Schreiber-mistral-nemo-12B Overview
Schreiber-mistral-nemo-12B is a 12 billion parameter language model developed by nbeerbower, building upon the nbeerbower/mistral-nemo-kartoffel-12B base. This model has been extensively fine-tuned using the ORPO (Odds Ratio Preference Optimization) method over three epochs, utilizing a single RTX A6000 GPU. Its training incorporated a rich array of DPO (Direct Preference Optimization) datasets, primarily sourced from literary works and synthetic fiction.
Key Capabilities
- Creative Text Generation: Optimized for producing high-quality, coherent, and engaging fictional narratives.
- Literary Style Adaptation: Benefits from fine-tuning on diverse literary datasets, including various Gutenberg collections and synthetic fiction, enabling it to generate text with nuanced stylistic elements.

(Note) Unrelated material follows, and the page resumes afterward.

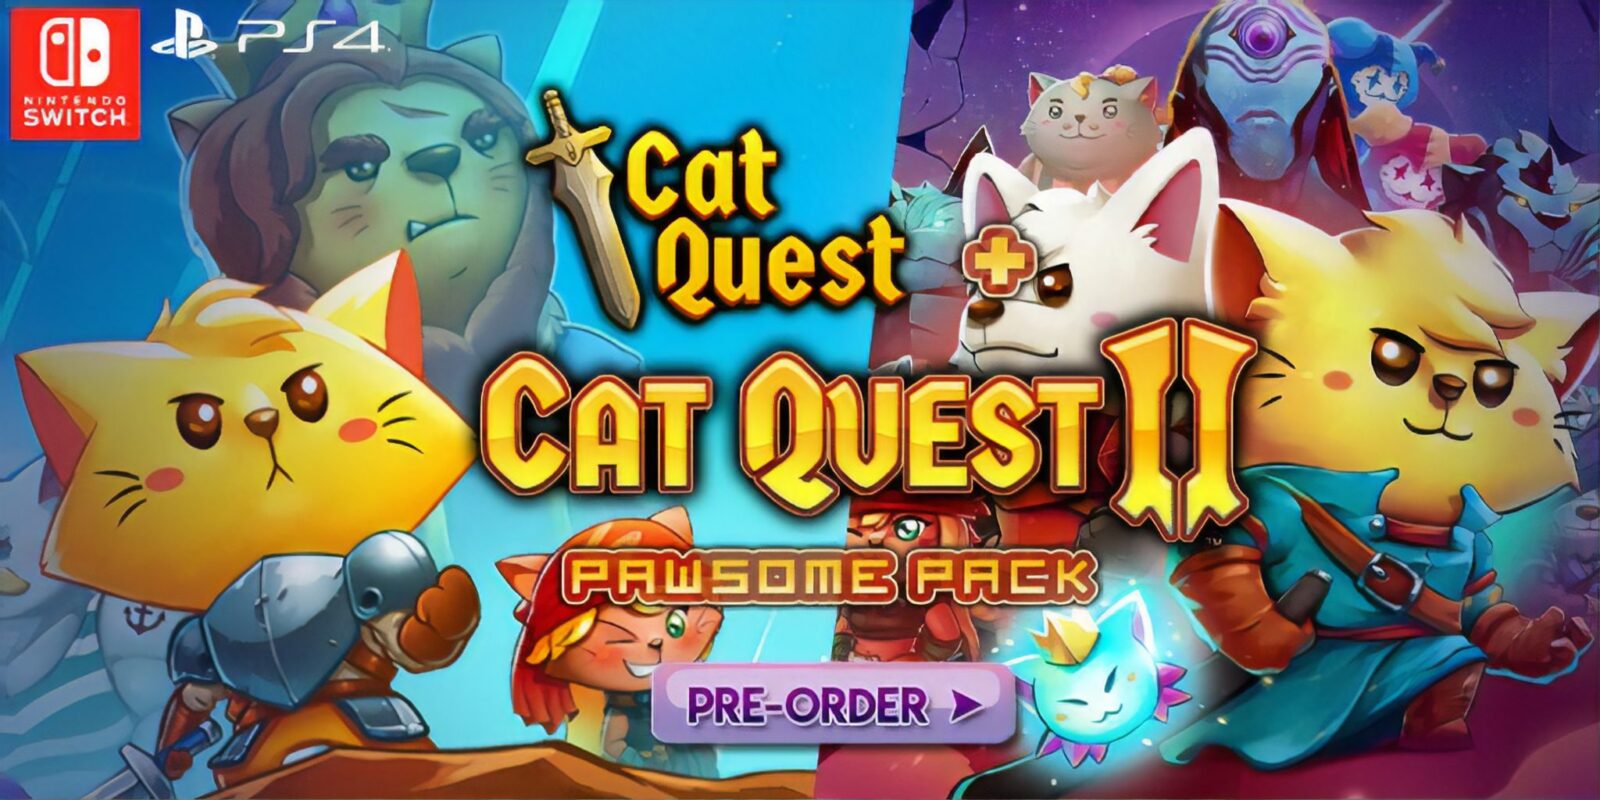 Cat Quest + Cat Quest II Pawsome Pack akan meluncur di akhir bulan Juli
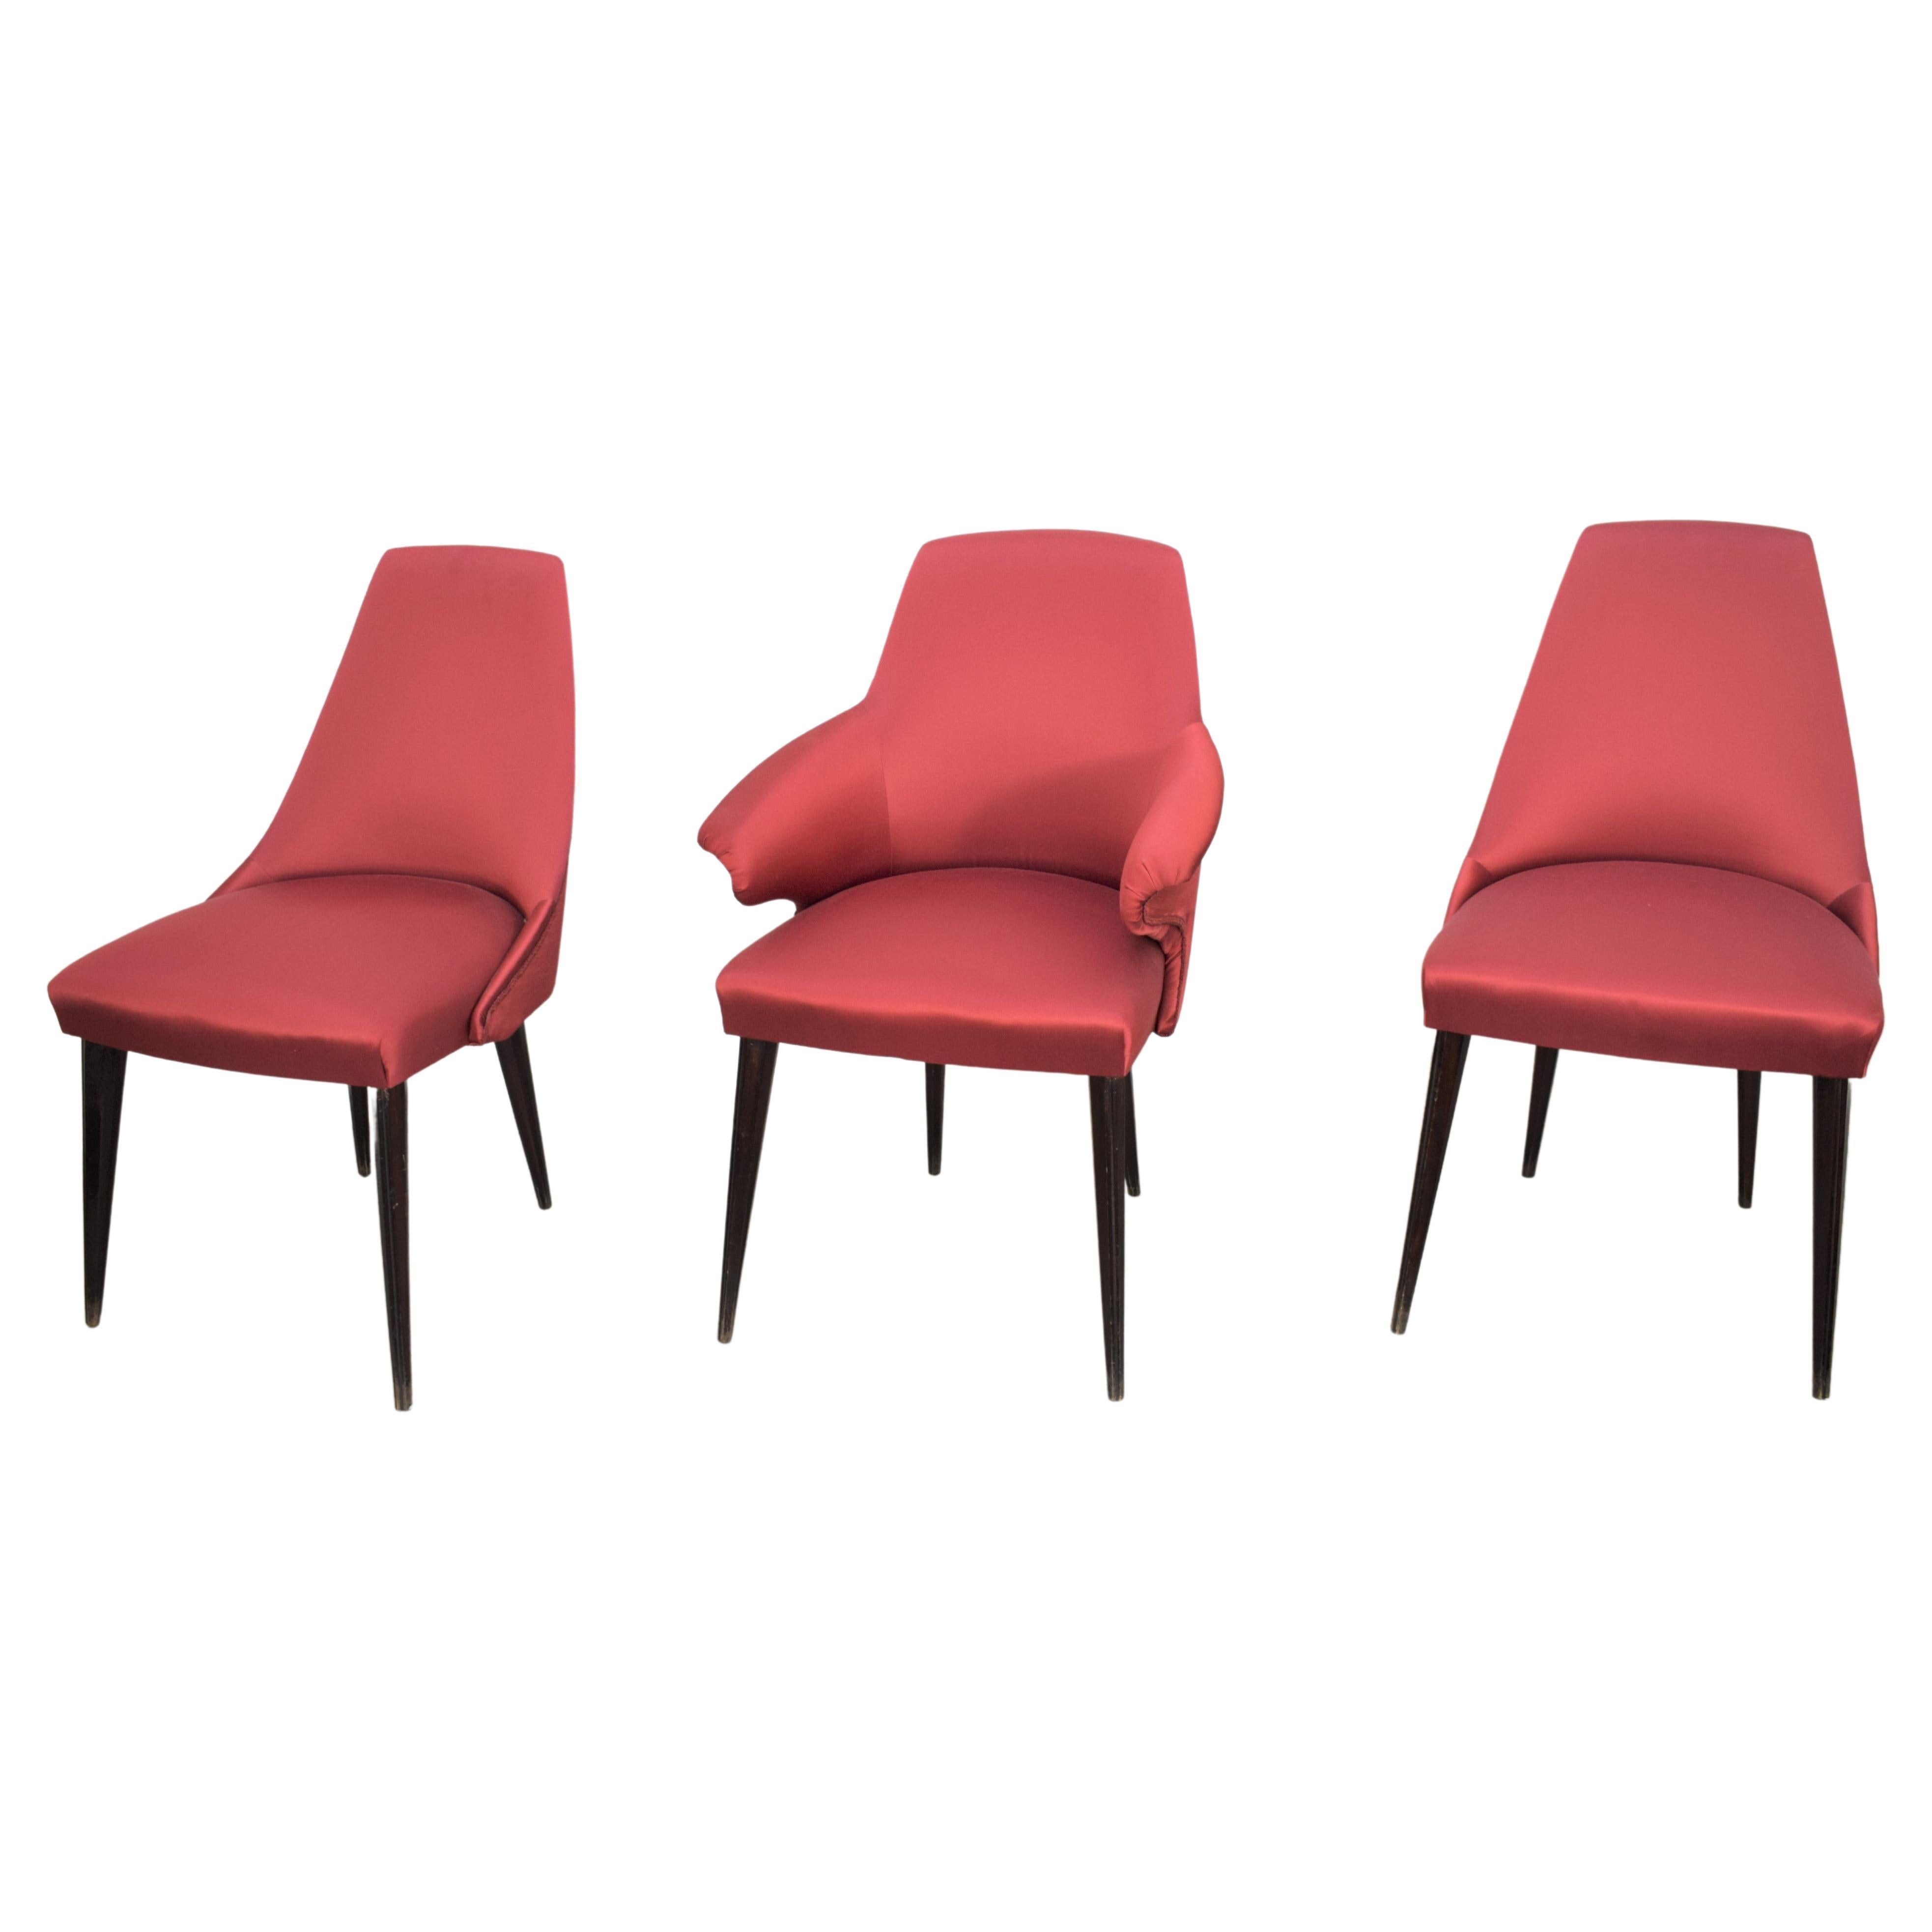 Set of 3 Italian Chairs, Osvaldo Borsani Style, 1960s For Sale

- Preference-Based Learning: Leverages ORPO tuning to align model outputs with preferred stylistic and content characteristics, enhancing the quality of generated text.
Training Details
The model's fine-tuning involved a QLoRA configuration for efficient memory usage and a specific ORPO configuration with a learning rate of 8e-6, cosine scheduler, and a beta of 0.1. It was trained with a max_length of 4096 tokens and max_prompt_length of 1024, allowing for substantial context handling during generation.